Yes, the regime might respond by suspending its cooperation with the transport of its chemical arsenal. Would that actually be worse than the bloody blackmail it now holds over the civilized world, as it drops God-knows-what on schools, clinics, apartment blocks, and bakeries? Yes, a conference in Switzerland might be postponed or canceled. Would that be such a setback for civilization given the evident lack of preparation for a respectable outcome featuring full political transition? Yes, Iranian hardliners might persuade the Supreme Leader to abandon negotiations and develop nuclear weapons. Would the price of a permanent nuclear arrangement between Iran and the West therefore be the unrestricted slaughter of Syrians? If that is the price, what would it say about the reliability and worthiness of the West’s interlocutor in nuclear talks?

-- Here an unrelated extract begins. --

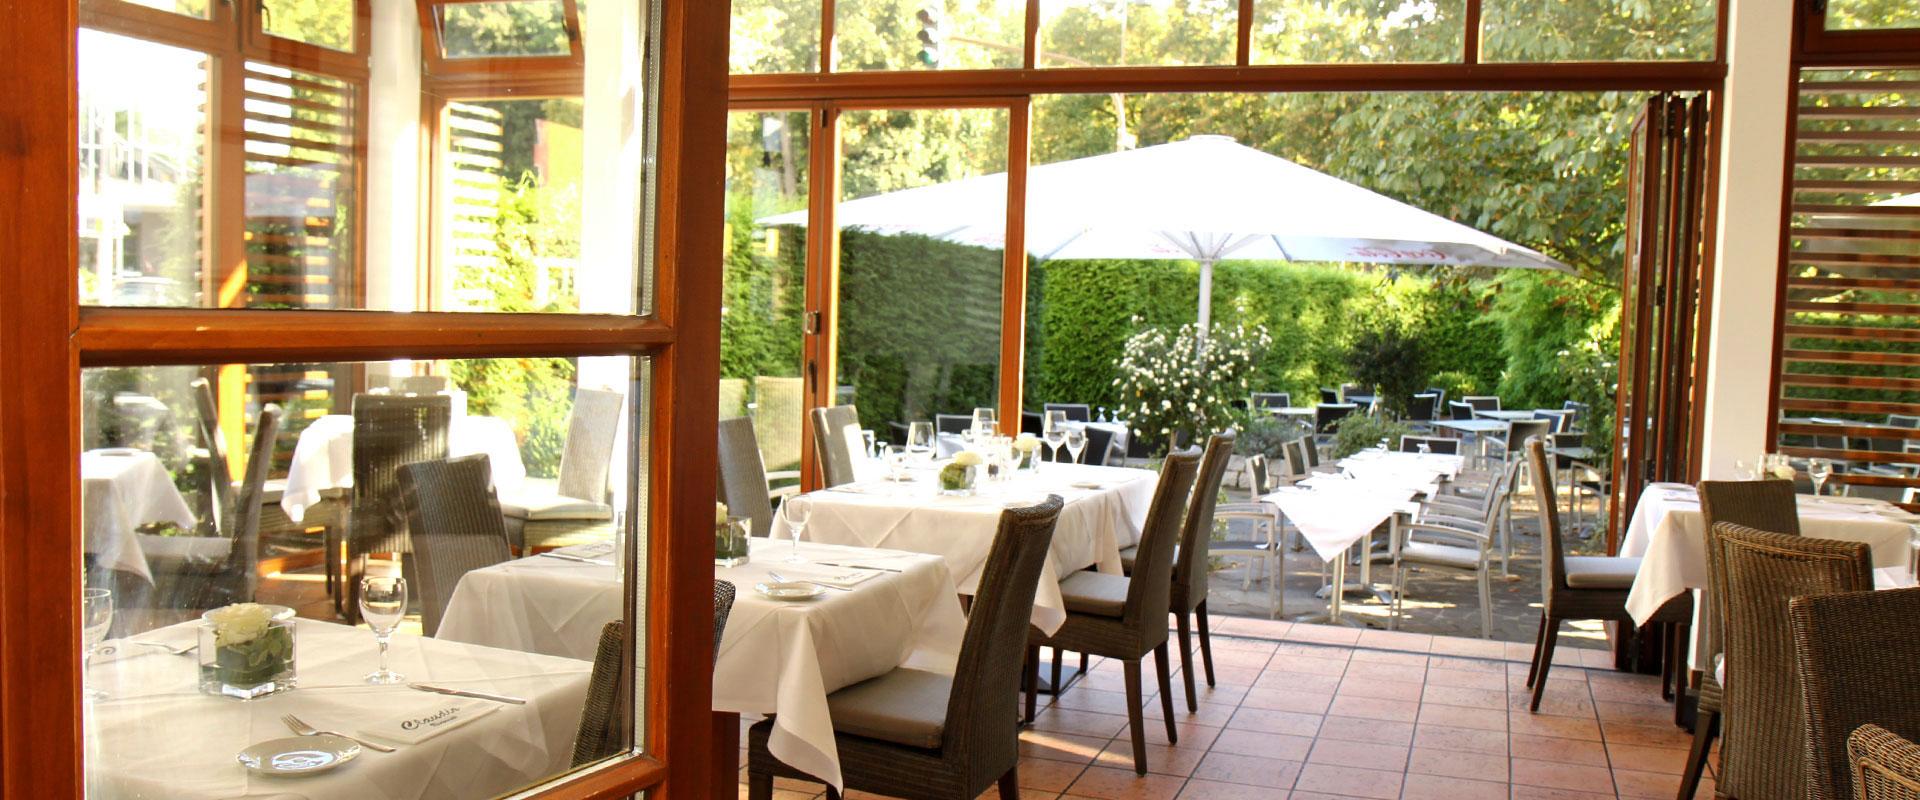 claudio-ristorante-003 ristorante - claudio ristorante 003 - Home

Sooner or later the United States and its allies will be obliged to act to stop the mass atrocities being waged by the Assad regime against Syrians. Failure to do so will entail costs far transcending the certain condemnation of future historians: ask Lebanese, Jordanians, and Turks about those costs now; consult with European allies about the costs in the not-too-distant future. Syria will hemorrhage people it does not bury for as far as the eye can see. The West would be wise now to focus on these crimes against humanity and try, now and on its own terms, to stop them. This catastrophe will only worsen immeasurably if we try, through various diplomatic artifices, to avert our collective gaze from that which is truly important and move on to subjects supposedly more pleasant and manageable.
Frederic C. Hof is a senior fellow with the Atlantic Council’s Rafik Hariri Center for the Middle East.